You can manually fill the search table. We spent a lot of time looking for internal Java settings for each region and grouping long and short names with the same DST rules and time zones.
We have mapped more than 250 regions. You can also add a new ing if needed. In this way, we have the required flexibility to add new data sources and new regions to the data warehouse.
For actual timestamp conversion, we use the following class method:
public static java.lang.String J_CONVERT_TIMEZONE(java.lang.String ivc_UTCtimestamp, java.lang.String ivc_timezone)
|
First, parse the input timestamp string into its components, and generate a Java calendar from those values, and then use the format converter formatter) generates a new converted timestamp. The subtle part is not converted and directly converted into the output, Because Java Calendar is not accurate to that extent.
You can use the following statement to register the Java class method as a UDF:
public static java.lang.String J_CONVERT_TIMEZONE(java.lang.String ivc_UTCtimestamp, java.lang.String ivc_timezone) throws Exception { // get the short name equivalent of the input ivc_timezone = (String)tz_map.get(ivc_timezone); if (ivc_timezone == null) ivc_timezone = "GMT"; // default to UTC if entry not found // replace the . with - so that we only have one token separator instead of two String ivc_UTCtimestamp_new = ivc_UTCtimestamp.replace('.', '-' ); // parse, validate and convert the TS string to integers, based on the one separator StringTokenizer st = new StringTokenizer(ivc_UTCtimestamp_new, "-"); int year = Integer.parseInt(st.nextToken()); int month = Integer.parseInt(st.nextToken()); int day = Integer.parseInt(st.nextToken()); int hour = Integer.parseInt(st.nextToken()); int min = Integer.parseInt(st.nextToken()); int sec = Integer.parseInt(st.nextToken()); String micro = st.nextToken(); // just carried over from the input // create with the above a calendar in UTC Calendar calUTC = Calendar.getInstance(); calUTC.clear(); calUTC.setTimeZone(TimeZone.getTimeZone("GMT")); calUTC.set(year, month-1, day, hour, min, sec ); // prepare the formatter for the specified timezone DateFormat formatter = new SimpleDateFormat("yyyy'-'MM'-'dd'-'HH.mm.ss", Locale.US); TimeZone tz = TimeZone.getTimeZone(ivc_timezone); formatter.setTimeZone(tz); // return the new value return formatter.format(calUTC.getTime()) + "." + micro; }
|
The preceding DB2 UDF can be called from SQL, but for convenience, we create another DB2 UDF to convert the input from the DB2 timestamp to a string, converts the output from the string to the DB2 timestamp, so that both the input and output are timestamps compatible with DB2. The code used is as follows:
CREATE FUNCTION ACME.F_CONVERT_TIMEZONE ( IPTS_TIMESTAMP TIMESTAMP, IPCH_TIMEZONE VARCHAR(30))RETURNS TIMESTAMPBEGIN ATOMIC DECLARE vvch_result VARCHAR(30); SET vvch_result = j_convert_timezone(char(IPTS_TIMESTAMP), rtrim(IPCH_TIMEZONE)); RETURN CASE vvch_result WHEN 'null' THEN NULL ELSE timestamp(vvch_result) END;END
|
Finally, we can call this function in the following simple SQL statement:
SELECT ACME.F_CONVERT_TIMEZONE(TRANSACTION_TIMESTAMP, "America/Nassau")FROM ACME.TRANSACTION_TABLE;
|
Future improvements and changes
We can easily add the following changes to enhance this solution:
- The new region method is to extend the search dictionary ).

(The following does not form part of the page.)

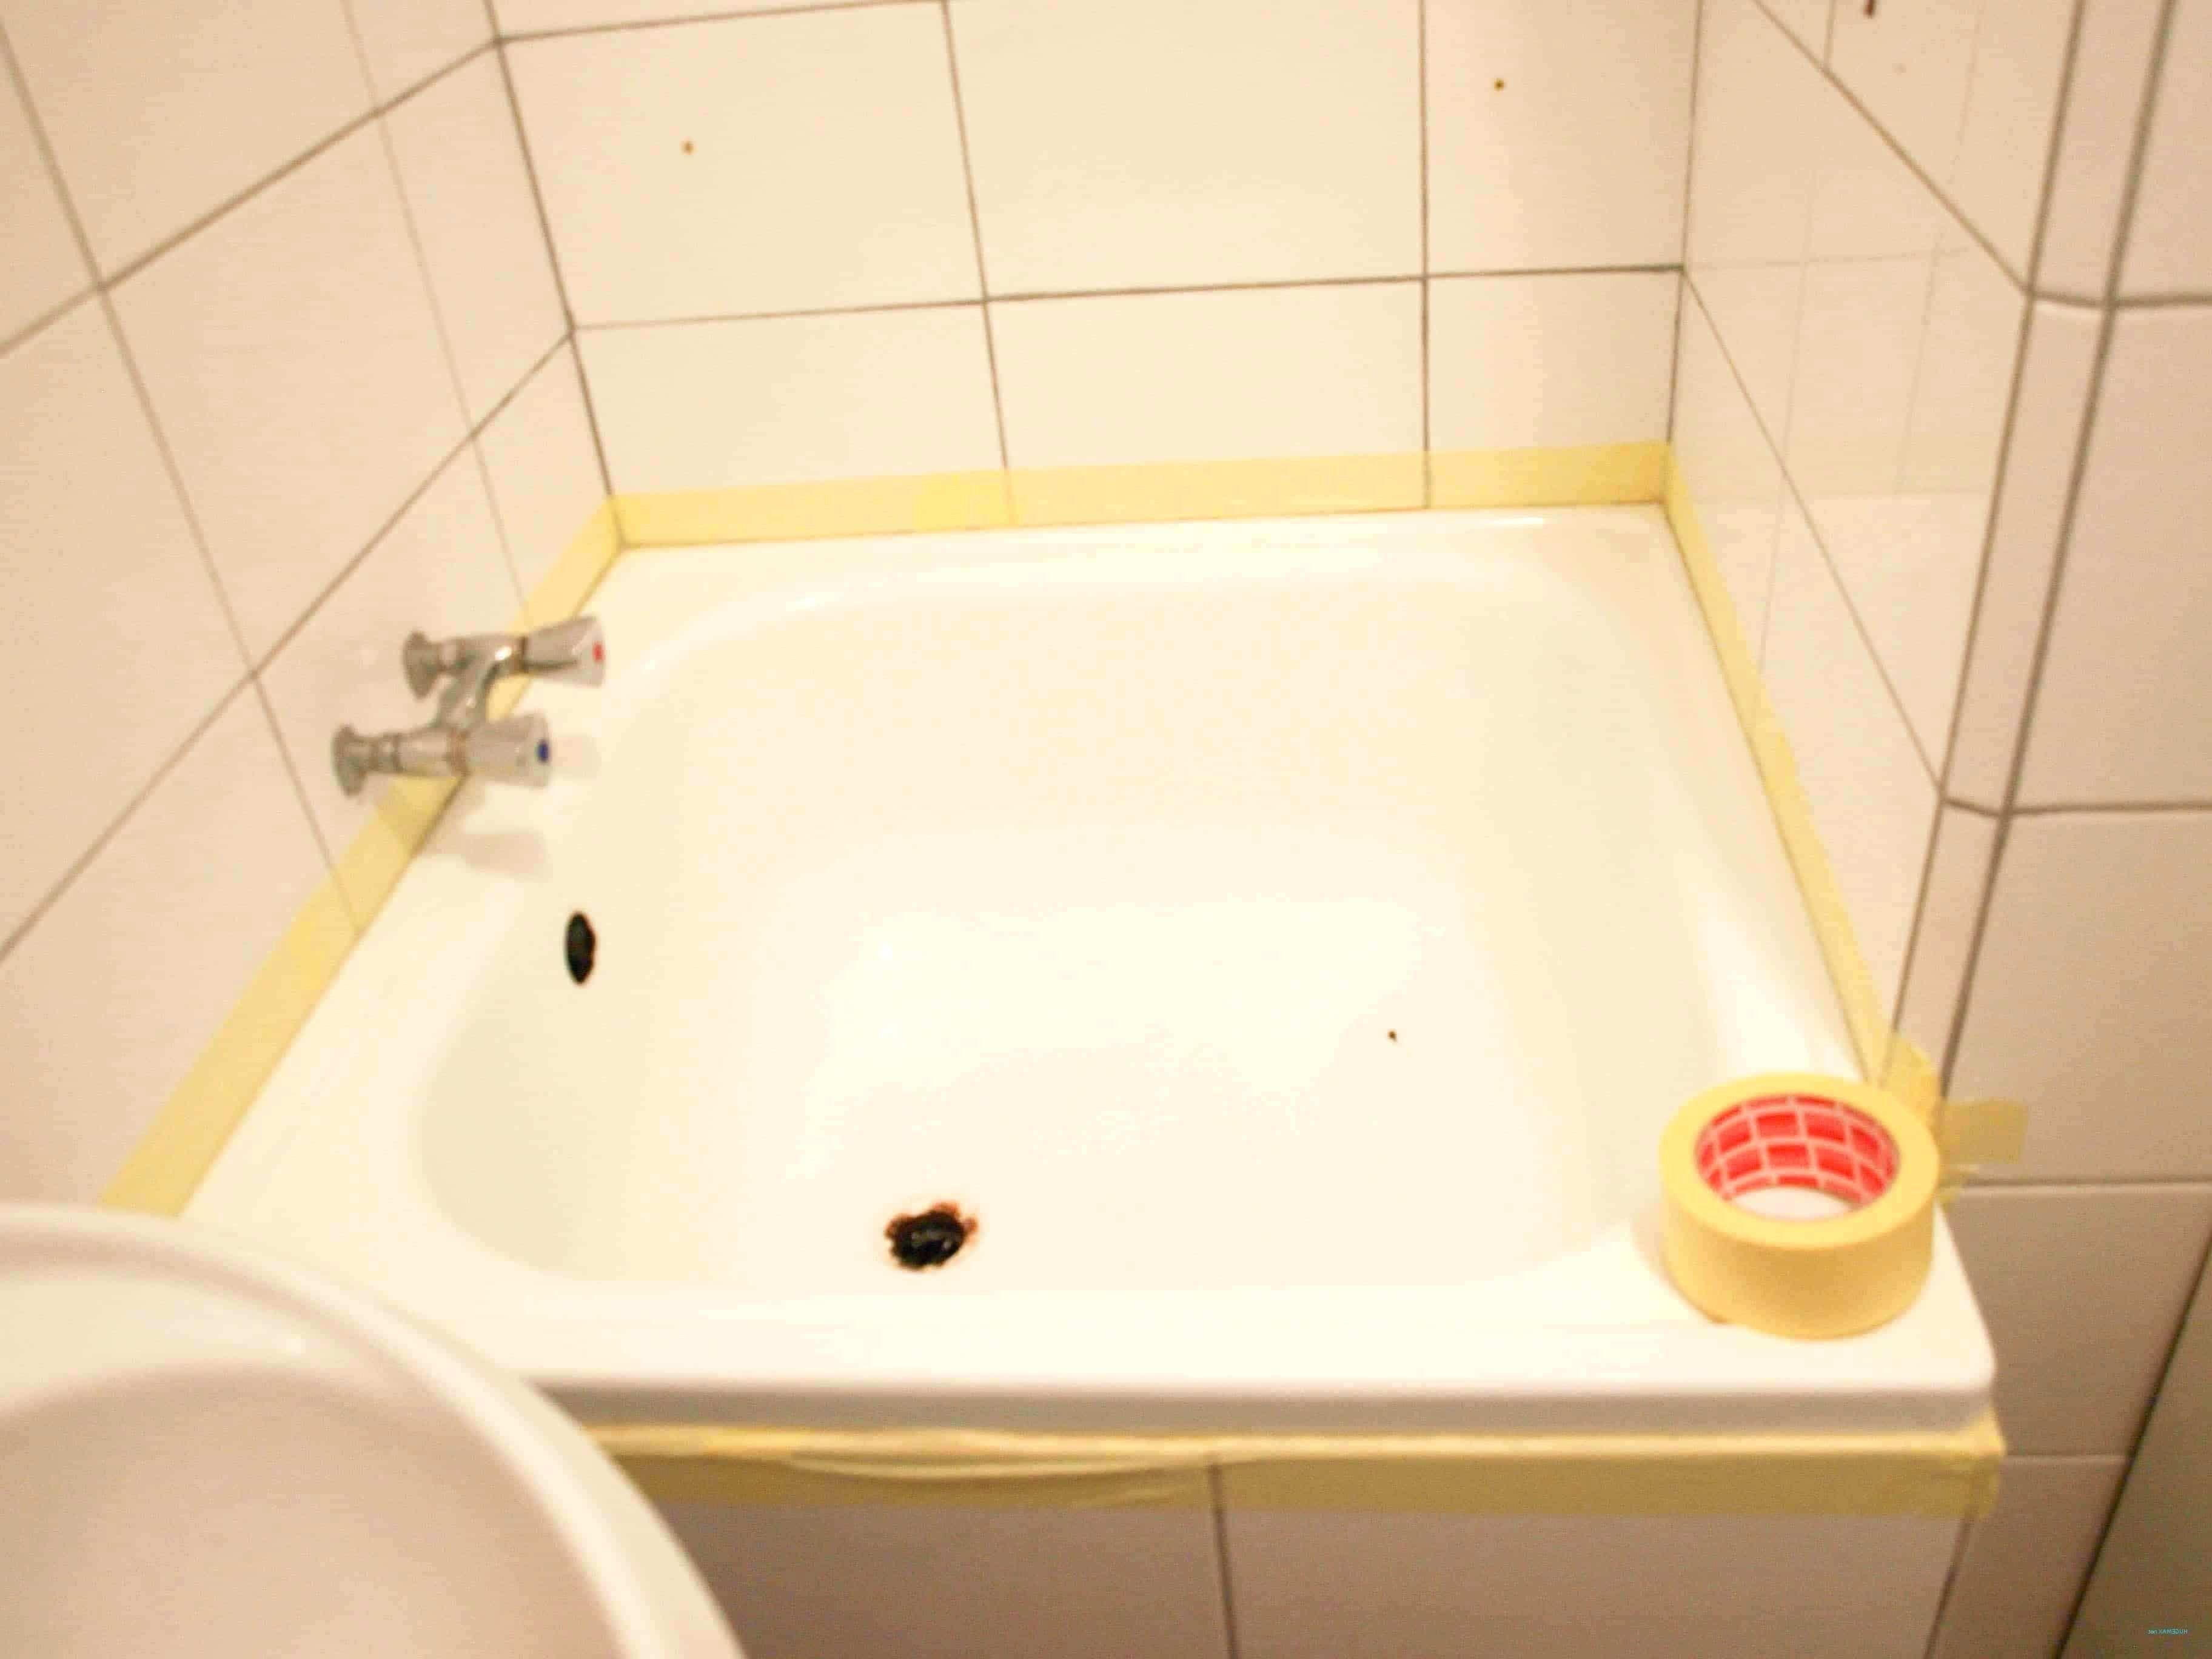 Peinture Epoxy Sans Solvant Pour Baignoire Acrylique Qui Sont Des Boosters D Humeur Instantanee Bathtub Sink Home Decor

- The new synonym Method for adding a region is to extend the search dictionary ).
- When you can get the JDK of the changed version, you can start to use the internal conversion to use the long name to update the Java code ).

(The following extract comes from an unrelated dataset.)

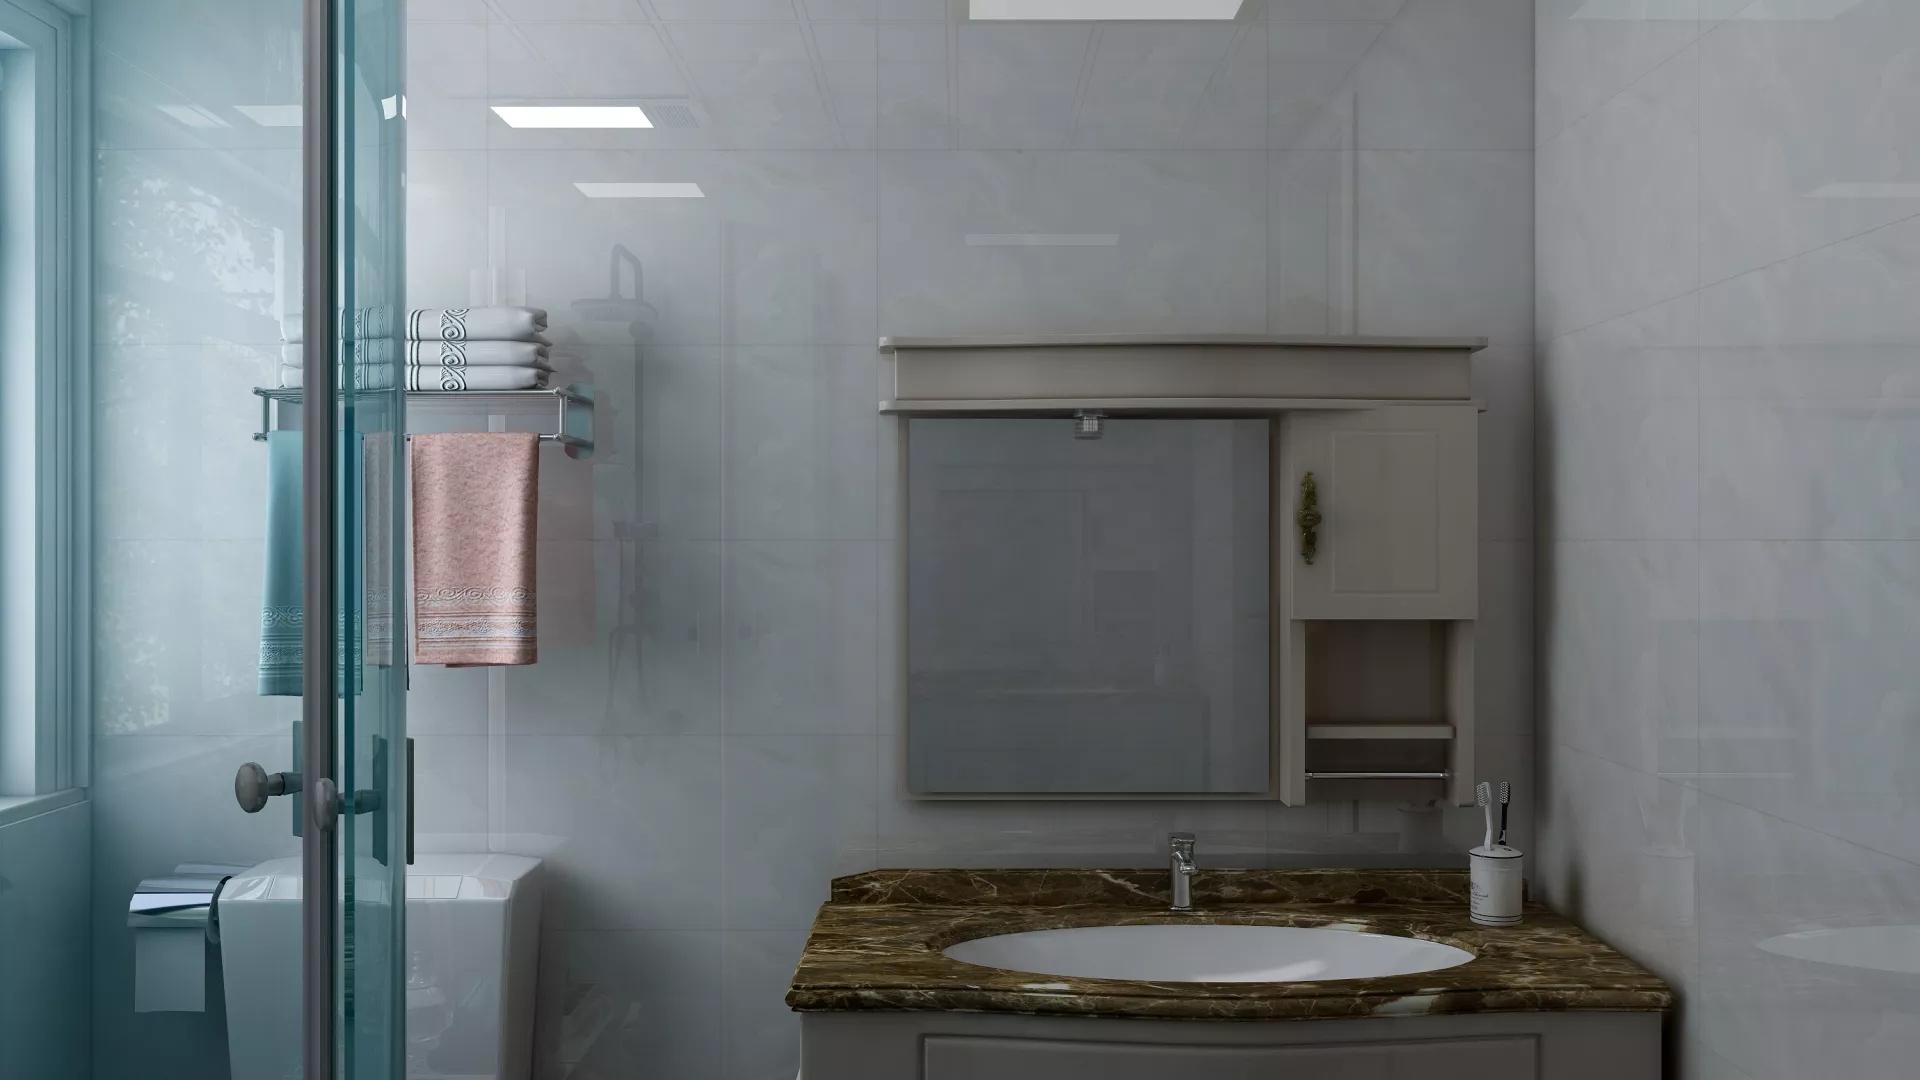 浴霸的功率是多少  浴霸使用注意事项

- Create an inversion function -- this function takes the timestamp of a region as the parameter and returns the corresponding UTC timestamp.
Note: UTC is gradually becoming a synonym for Greenwich Mean Time (GMT.
Conclusion
In the ETL process of the Data Warehouse project, the function of converting the timestamp from one region to another is proved to be the main force in the conversion. This article provides the code for such Java functions to run in the form of UDB DB2 UDF.